Letters

Contact us via e-mail le*****@oc******.com">(le*****@oc******.com), regular mail (Letters to the Editor, OC Weekly, P.O. Box 10788, Costa Mesa, CA 92627) or fax (714-708-8410). Letters will be edited for clarity and length. By submission of a letter, you agree that we can publish and/or license the publication of it in print and electronically. All correspondence must include your home city and a daytime phone number.

TALK OF POOP AND PEE-PEE MAKES SOME PEOPLE SLEEPY

As a political candidate whose foremost issue is the sexy topic of upgrading and repairing sewers, storm drains, and wastewater treatment facilities, I applaud your cover story (Dave Wielenga's “Flush Twice—It's a Long Way to Huntington Beach,” May 10). The sewage plume is simply the largest bit of evidence that we need to end the blame game and finger pointing and get down to some serious business about cleanup, upgrading and . . . yes, eyelids are drooping. But this is important stuff. Certainly the Weekly thinks so. And I'm glad. Keep up the good fight. (Zzzzzzz.)

Bill Orton
Seal Beach
MATTHEWS AND JAGGER: LIKE NAILS ON CHALKBOARD

I watched the Rolling Stones' PBS performance from the “Bridges to Babylon” tour a few years back and enjoyed it until this annoyingly grating singer dueted tediously with Mick Jagger on “Wild Horses.” I thought, “What in God's name could have prompted the Stones to invite onstage this nails-on-chalkboard singer?” The name of this singer was Dave Matthews. Allen Trautloff's piece was spot-on (“The Whine, the Howl,” May 10)! I savored it. I savored it knowing how Matthews' fans would be as annoyed reading it as I was annoyed listening to Matthews massacre a classic Stones song.

Mark Murphy
Corona del Mar

It wasn't the Mr. Hankey-like, corn-studded fecal cover but rather the superb Allen Trautloff review of Dave Matthews that brought a sense of completion to my year here in South OC and provided a proper sendoff. On the heels of Jim Washburn's insightful response (Letters, “Sometimes an SUV Is Just an SUV,” May 3), these two pieces define much that is wrong with OC. But it is with regrets that I am NorCal-bound, ever-pondering what the pages of OC Weekly will address in the coming weeks.
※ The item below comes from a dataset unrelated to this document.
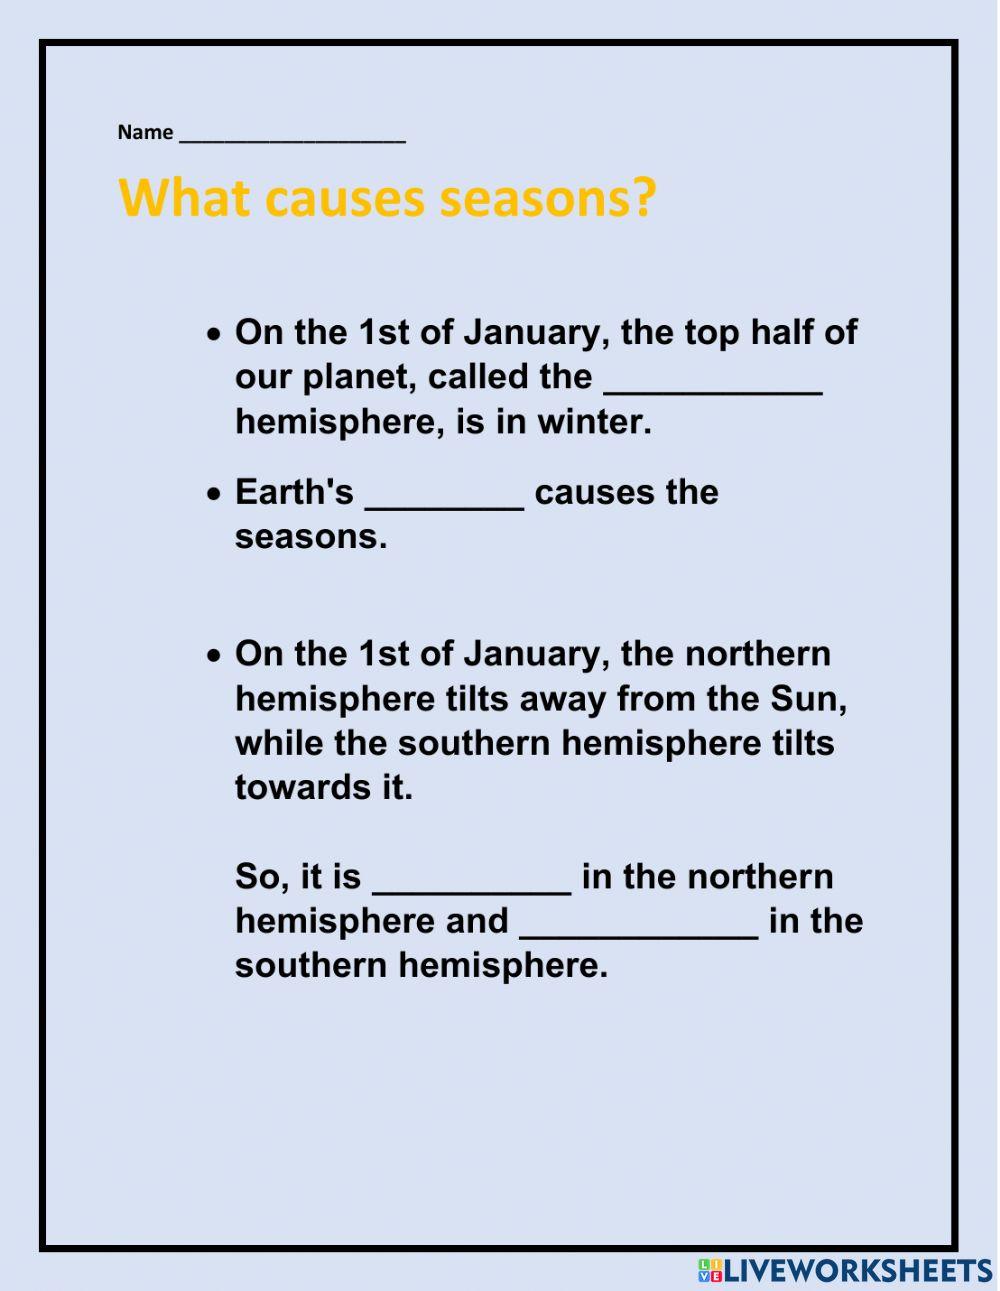 What causes seasons?

I will sorely miss my Thursday ritual.

Pete Steinmetz
Mission Viejo
FATHER'S DAY

I have seen the stellar 36-year career of my father, Superior Court Judge James O. Perez, take an unfair pummeling in the press, with a few exceptions (R. Scott Moxley's “Judicial Whopper,” May 17). Finally, the truth is told! THANK YOU, THANK YOU, THANK YOU! Your article hit the mark.

Joe T. Perez
Deputy Public Defender
THANKFUL FOR PASCO . . .

I was taken aback when I read how Stan Oftelie used the Ku Klux Klan and the John Birch Society as examples of the sentiments against the proposed airport at El Toro (Mark Petracca's “Over the Edge,” May 3). I disagree, however, with Petracca's condemning the messenger. We should be grateful to LA Times reporter Jean Pasco for exposing the pro-airport forces for what they are—not just insensitive and offensive, but clueless—and why they lost.

Hanna Hill
via e-mail

Mark Petracca responds: Ah, yes, the innocent-messenger defense. Pasco is no innocent. She didn't present Oftelie's opinion of South County voters as an outrageous slander. Indeed, she told her readers that the man comparing the South County anti-airport movement to the Klan was something of a scholar—”an armchair historian of Orange County,” she called him. Even if Pasco was simply the dutiful messenger, where the heck were theTimes' editors?




BIRTHDAY CARD

Hi, Rich Kane! Sorry it took so long to get back to you, I've been very busy recruiting (“No Cake for Adolf,” April 26)!

As you can see, this is a picture of the cake we had at our celebration. . . . Hitler had his cake, AND we ate it, too!

Hail victory,

Aryan Nations-California AND NOW . . . A SMART GUY

I haven't read the Brecht Yearbook refutation of John Fuegi's massive biography, Brecht and Company, cited by Professor Robert Cohen in his rebuttal of my review (Letters, May 10). While my follow-up search for the specific journal issue came up empty-handed, I have, however, read Fuegi's book cover to cover and find its arguments that Brecht stole his mistresses' work convincing. Even a dunce reading Brecht's various plays could see they weren't written by the same person. I would have welcomed evidence disproving the book, but Cohen doesn't supply any, so I assume he hasn't read it. But then it doesn't sound like he's read the refutation he namedrops, either: the wording of his letter is similar to an online description of the book, suggesting he cribbed his info from the Internet. Failing to back up his arguments, Cohen just circles the wagons—like many of the Brecht scholars before him—adding nothing to the debate except the same old accusations and indignation.